Efgartigimod treatment helps improve platelet counts in patients with immune thrombocytopenia
The novel agent efgartigimod (EFG) improved platelet counts for more than half of the patients with immune thrombocytopenia (ITP) who received the drug in the phase III ADVANCE IV trial, according to results presented at the 64th annual meeting of the American Society of Hematology in New Orleans.
Already approved by the Food and Drug Administration for the treatment of myasthenia gravis, EFG (Vyvgart, Argenx) is an antibody fragment that reduces immunoglobulin G levels, allowing platelet numbers to increase.
More than half (51.2%) of patients who received EFG met criteria for response (consecutive visits at least 7 days apart, platelet levels greater than 30,000 platelets per microliter, and improvement in the absence of bleeding events) compared to 20% of patients who received placebo in the double-blinded trial.
The study’s primary endpoint was the number of participants who maintained. Secondary endpoints included, among others, the number of bleeding episodes and the proportion of participants who had sustained platelet levels above 50,000 for at least six of the final eight weeks of the study.
In addition, more patients in the EFG arm met the primary endpoint.
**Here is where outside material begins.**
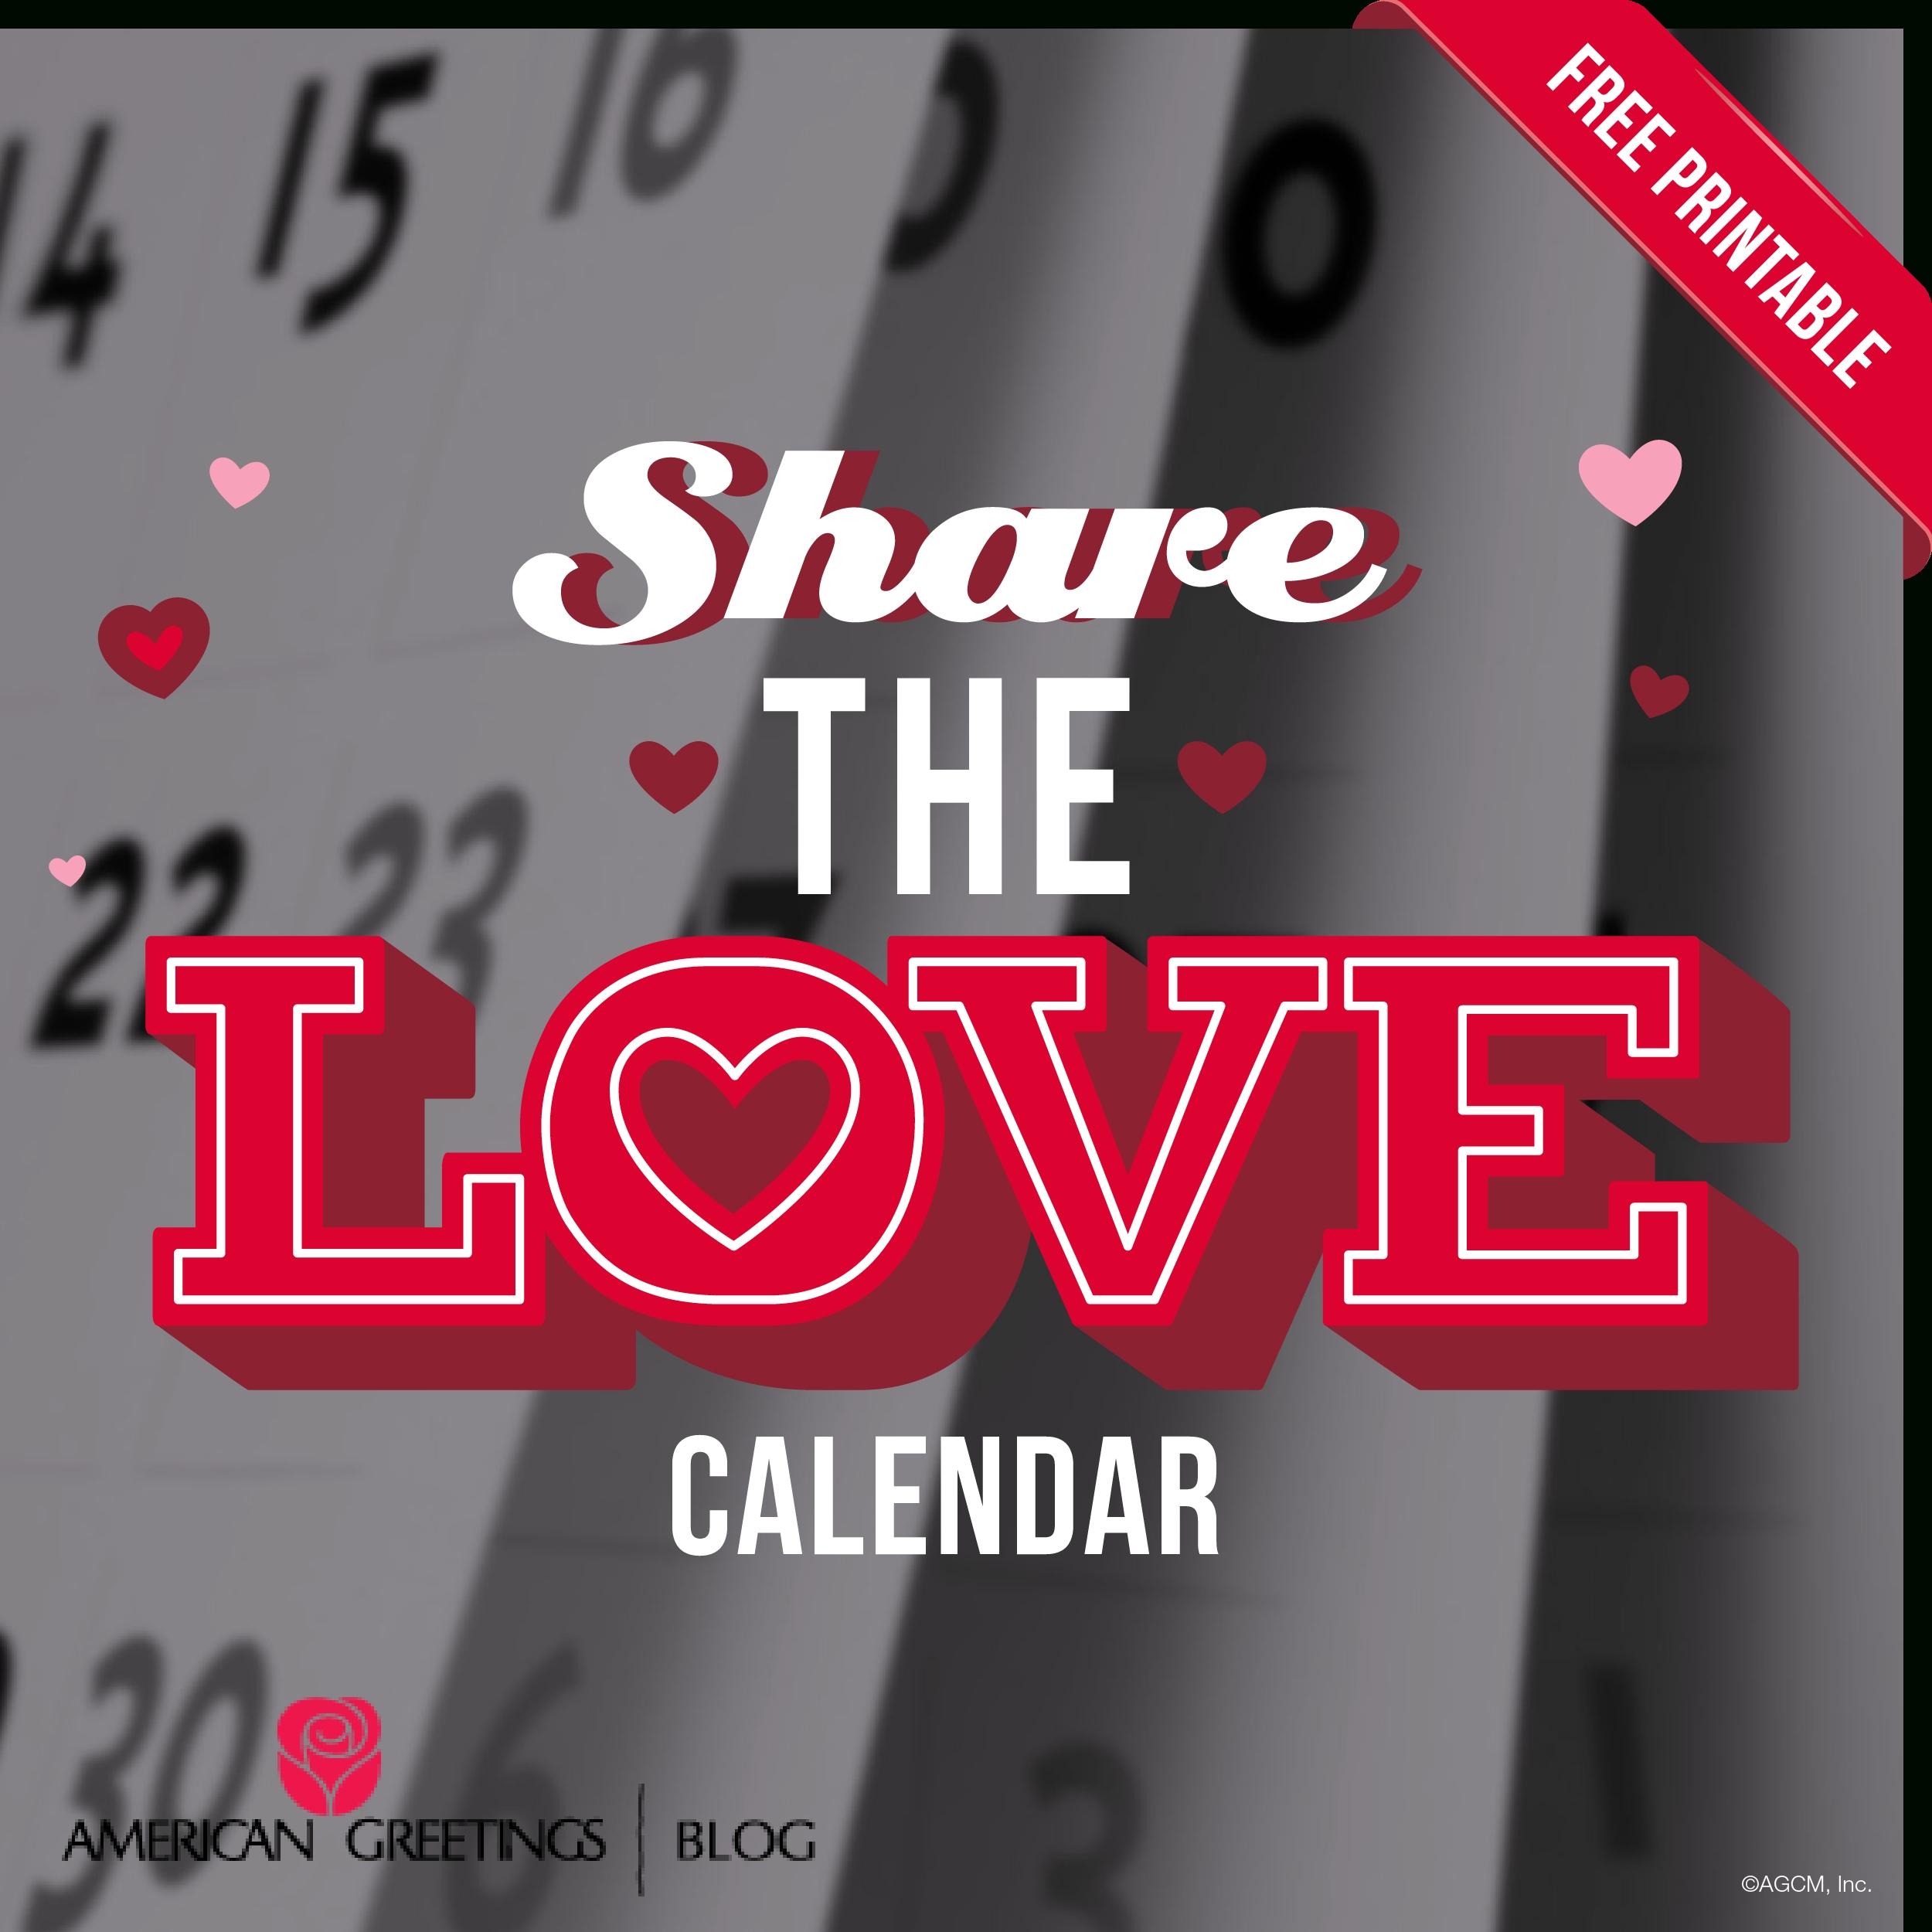 Printable Valentine's Day Calendar| American Greetings

At 24 weeks, 21.8% of participants treated with EFG, compared with 5% of those who received a placebo, met the primary endpoint of a platelet level of more than 50,000 per microliter during weeks 19 through 24.
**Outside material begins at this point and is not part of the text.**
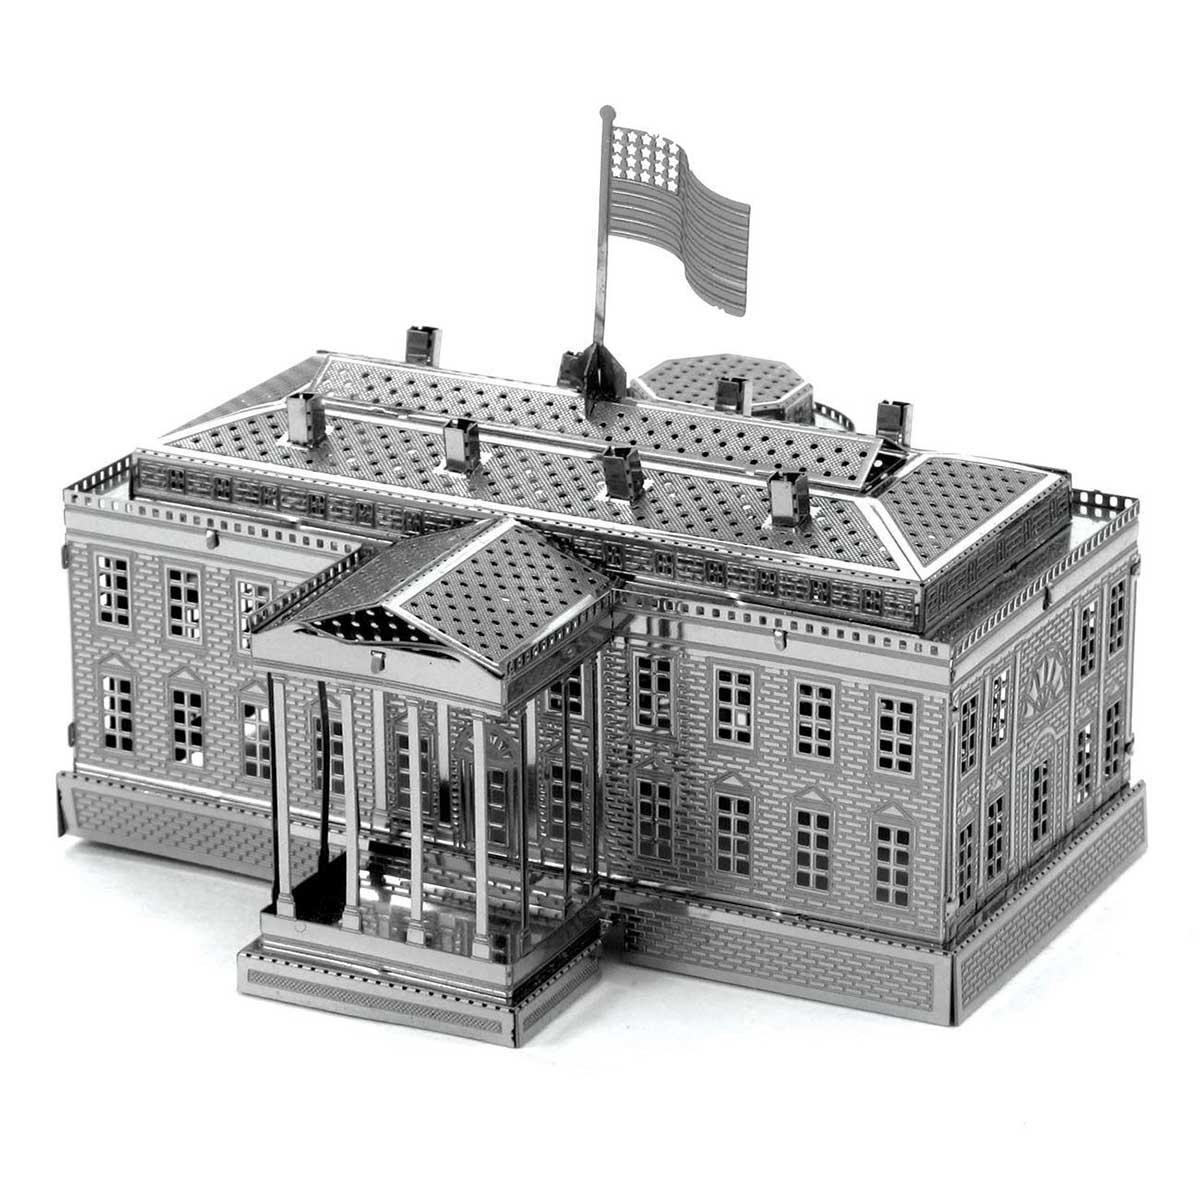 White House Landmarks / Monuments Metal Puzzles

For the study, 131 patients in six countries were enrolled. Participants had long-standing, severe ITP with a median time since diagnosis of 4.57 years, and a baseline median platelet count of 17,000 per microliter. The patients were also heavily pretreated, with more than two-thirds (67.2%) having at least three prior ITP therapies. Patients randomly received IV infusions of either EFG or a placebo for 24 weeks at a ratio of 2:1
EFG was generally well tolerated. Adverse events (AEs) including bruising, headaches, and blood in urine were roughly equal in both groups. Serious AEs were reported in 8.1% of the EFG group and 15.6% of the placebo group. None were considered to be treatment-related.
The patients who received EFG will be followed for a minimum of 2 years to continue to evaluate safety and long-term platelet response.